Exercise description: In the entries below, find the line with "New Skoda Vision" and the line with "Rustic country burlap"; give again those lines and every line between them, exactly.

Working data:
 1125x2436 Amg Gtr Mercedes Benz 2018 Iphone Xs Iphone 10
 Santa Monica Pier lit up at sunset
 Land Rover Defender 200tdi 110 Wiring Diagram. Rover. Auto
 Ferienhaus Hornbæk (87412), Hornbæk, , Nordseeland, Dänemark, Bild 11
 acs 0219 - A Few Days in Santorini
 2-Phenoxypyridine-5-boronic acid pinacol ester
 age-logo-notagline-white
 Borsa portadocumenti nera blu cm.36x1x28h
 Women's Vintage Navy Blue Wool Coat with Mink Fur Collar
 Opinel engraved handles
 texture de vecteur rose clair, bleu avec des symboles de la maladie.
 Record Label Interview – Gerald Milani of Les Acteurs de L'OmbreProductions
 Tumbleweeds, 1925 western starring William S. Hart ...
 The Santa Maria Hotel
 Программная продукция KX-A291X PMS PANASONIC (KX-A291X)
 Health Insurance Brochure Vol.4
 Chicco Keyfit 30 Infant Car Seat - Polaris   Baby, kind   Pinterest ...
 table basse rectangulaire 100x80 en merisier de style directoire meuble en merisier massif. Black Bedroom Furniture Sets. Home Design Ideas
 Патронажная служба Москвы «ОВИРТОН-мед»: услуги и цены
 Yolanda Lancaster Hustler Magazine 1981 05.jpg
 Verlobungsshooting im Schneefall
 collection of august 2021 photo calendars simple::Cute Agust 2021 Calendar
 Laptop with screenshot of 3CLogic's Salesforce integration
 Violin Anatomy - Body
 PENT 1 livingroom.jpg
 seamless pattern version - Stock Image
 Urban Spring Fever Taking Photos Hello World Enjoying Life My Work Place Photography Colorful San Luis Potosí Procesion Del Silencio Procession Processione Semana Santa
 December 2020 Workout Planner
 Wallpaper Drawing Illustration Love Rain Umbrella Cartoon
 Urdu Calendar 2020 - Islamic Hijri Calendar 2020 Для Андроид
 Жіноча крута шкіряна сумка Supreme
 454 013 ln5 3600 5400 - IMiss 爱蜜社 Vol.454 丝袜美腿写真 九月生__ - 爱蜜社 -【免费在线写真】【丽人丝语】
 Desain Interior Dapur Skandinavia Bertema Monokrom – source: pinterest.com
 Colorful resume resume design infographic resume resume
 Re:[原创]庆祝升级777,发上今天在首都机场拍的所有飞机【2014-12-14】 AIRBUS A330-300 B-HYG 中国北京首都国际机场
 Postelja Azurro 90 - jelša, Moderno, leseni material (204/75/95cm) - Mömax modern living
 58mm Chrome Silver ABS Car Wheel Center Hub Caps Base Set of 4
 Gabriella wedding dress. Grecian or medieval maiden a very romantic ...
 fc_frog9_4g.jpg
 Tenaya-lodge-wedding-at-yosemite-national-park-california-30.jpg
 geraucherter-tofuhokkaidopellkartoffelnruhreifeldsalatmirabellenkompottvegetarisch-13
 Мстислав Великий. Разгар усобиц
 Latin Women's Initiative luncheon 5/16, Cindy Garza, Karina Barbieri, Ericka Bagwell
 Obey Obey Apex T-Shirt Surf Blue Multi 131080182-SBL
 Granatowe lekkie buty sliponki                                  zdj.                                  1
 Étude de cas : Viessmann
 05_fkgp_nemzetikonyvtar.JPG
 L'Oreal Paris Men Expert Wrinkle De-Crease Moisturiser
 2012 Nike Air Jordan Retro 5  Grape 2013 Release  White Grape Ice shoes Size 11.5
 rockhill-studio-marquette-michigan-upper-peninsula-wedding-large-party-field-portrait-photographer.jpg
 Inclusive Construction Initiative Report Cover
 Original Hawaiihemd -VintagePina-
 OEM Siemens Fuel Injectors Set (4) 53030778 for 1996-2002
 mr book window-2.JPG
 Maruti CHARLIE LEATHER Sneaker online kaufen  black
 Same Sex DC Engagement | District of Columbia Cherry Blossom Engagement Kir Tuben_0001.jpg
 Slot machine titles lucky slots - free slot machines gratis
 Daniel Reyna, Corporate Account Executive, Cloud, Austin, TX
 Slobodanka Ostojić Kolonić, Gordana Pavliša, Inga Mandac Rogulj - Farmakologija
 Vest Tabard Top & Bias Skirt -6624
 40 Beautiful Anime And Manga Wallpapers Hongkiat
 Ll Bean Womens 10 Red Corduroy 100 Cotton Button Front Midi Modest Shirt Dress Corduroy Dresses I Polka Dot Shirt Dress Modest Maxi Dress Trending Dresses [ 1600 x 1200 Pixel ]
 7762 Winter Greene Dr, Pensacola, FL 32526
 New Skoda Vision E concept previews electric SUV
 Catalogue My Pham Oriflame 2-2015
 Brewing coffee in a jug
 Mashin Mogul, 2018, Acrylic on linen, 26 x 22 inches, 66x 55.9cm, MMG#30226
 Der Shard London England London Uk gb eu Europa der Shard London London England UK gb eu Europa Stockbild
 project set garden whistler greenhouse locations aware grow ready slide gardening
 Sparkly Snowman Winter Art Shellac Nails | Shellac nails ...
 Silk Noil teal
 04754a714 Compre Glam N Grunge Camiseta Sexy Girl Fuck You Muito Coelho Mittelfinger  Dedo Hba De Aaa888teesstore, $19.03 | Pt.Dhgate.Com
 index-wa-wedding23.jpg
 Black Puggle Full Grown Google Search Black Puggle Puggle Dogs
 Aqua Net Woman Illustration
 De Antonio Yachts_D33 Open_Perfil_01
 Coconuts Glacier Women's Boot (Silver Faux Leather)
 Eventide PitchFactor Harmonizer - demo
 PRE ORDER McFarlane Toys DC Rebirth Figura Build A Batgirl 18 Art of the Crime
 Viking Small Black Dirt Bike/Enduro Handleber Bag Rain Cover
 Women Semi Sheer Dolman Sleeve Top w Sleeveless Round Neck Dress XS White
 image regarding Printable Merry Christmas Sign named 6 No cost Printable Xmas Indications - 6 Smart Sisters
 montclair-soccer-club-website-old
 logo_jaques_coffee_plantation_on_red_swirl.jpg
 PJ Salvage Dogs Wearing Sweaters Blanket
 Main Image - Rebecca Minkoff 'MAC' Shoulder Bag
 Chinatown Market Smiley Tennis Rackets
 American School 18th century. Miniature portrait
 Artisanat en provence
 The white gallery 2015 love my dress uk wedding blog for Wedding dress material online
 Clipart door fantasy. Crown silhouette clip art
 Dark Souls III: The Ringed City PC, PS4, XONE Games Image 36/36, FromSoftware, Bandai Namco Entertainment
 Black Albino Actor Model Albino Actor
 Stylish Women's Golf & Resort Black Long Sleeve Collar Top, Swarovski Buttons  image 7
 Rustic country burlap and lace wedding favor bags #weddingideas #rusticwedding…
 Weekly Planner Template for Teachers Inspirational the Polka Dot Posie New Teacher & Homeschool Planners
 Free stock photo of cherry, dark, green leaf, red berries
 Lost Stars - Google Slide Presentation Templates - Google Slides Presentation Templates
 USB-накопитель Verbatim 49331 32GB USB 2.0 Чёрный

Answer section:
 New Skoda Vision E concept previews electric SUV
 Catalogue My Pham Oriflame 2-2015
 Brewing coffee in a jug
 Mashin Mogul, 2018, Acrylic on linen, 26 x 22 inches, 66x 55.9cm, MMG#30226
 Der Shard London England London Uk gb eu Europa der Shard London London England UK gb eu Europa Stockbild
 project set garden whistler greenhouse locations aware grow ready slide gardening
 Sparkly Snowman Winter Art Shellac Nails | Shellac nails ...
 Silk Noil teal
 04754a714 Compre Glam N Grunge Camiseta Sexy Girl Fuck You Muito Coelho Mittelfinger  Dedo Hba De Aaa888teesstore, $19.03 | Pt.Dhgate.Com
 index-wa-wedding23.jpg
 Black Puggle Full Grown Google Search Black Puggle Puggle Dogs
 Aqua Net Woman Illustration
 De Antonio Yachts_D33 Open_Perfil_01
 Coconuts Glacier Women's Boot (Silver Faux Leather)
 Eventide PitchFactor Harmonizer - demo
 PRE ORDER McFarlane Toys DC Rebirth Figura Build A Batgirl 18 Art of the Crime
 Viking Small Black Dirt Bike/Enduro Handleber Bag Rain Cover
 Women Semi Sheer Dolman Sleeve Top w Sleeveless Round Neck Dress XS White
 image regarding Printable Merry Christmas Sign named 6 No cost Printable Xmas Indications - 6 Smart Sisters
 montclair-soccer-club-website-old
 logo_jaques_coffee_plantation_on_red_swirl.jpg
 PJ Salvage Dogs Wearing Sweaters Blanket
 Main Image - Rebecca Minkoff 'MAC' Shoulder Bag
 Chinatown Market Smiley Tennis Rackets
 American School 18th century. Miniature portrait
 Artisanat en provence
 The white gallery 2015 love my dress uk wedding blog for Wedding dress material online
 Clipart door fantasy. Crown silhouette clip art
 Dark Souls III: The Ringed City PC, PS4, XONE Games Image 36/36, FromSoftware, Bandai Namco Entertainment
 Black Albino Actor Model Albino Actor
 Stylish Women's Golf & Resort Black Long Sleeve Collar Top, Swarovski Buttons  image 7
 Rustic country burlap and lace wedding favor bags #weddingideas #rusticwedding…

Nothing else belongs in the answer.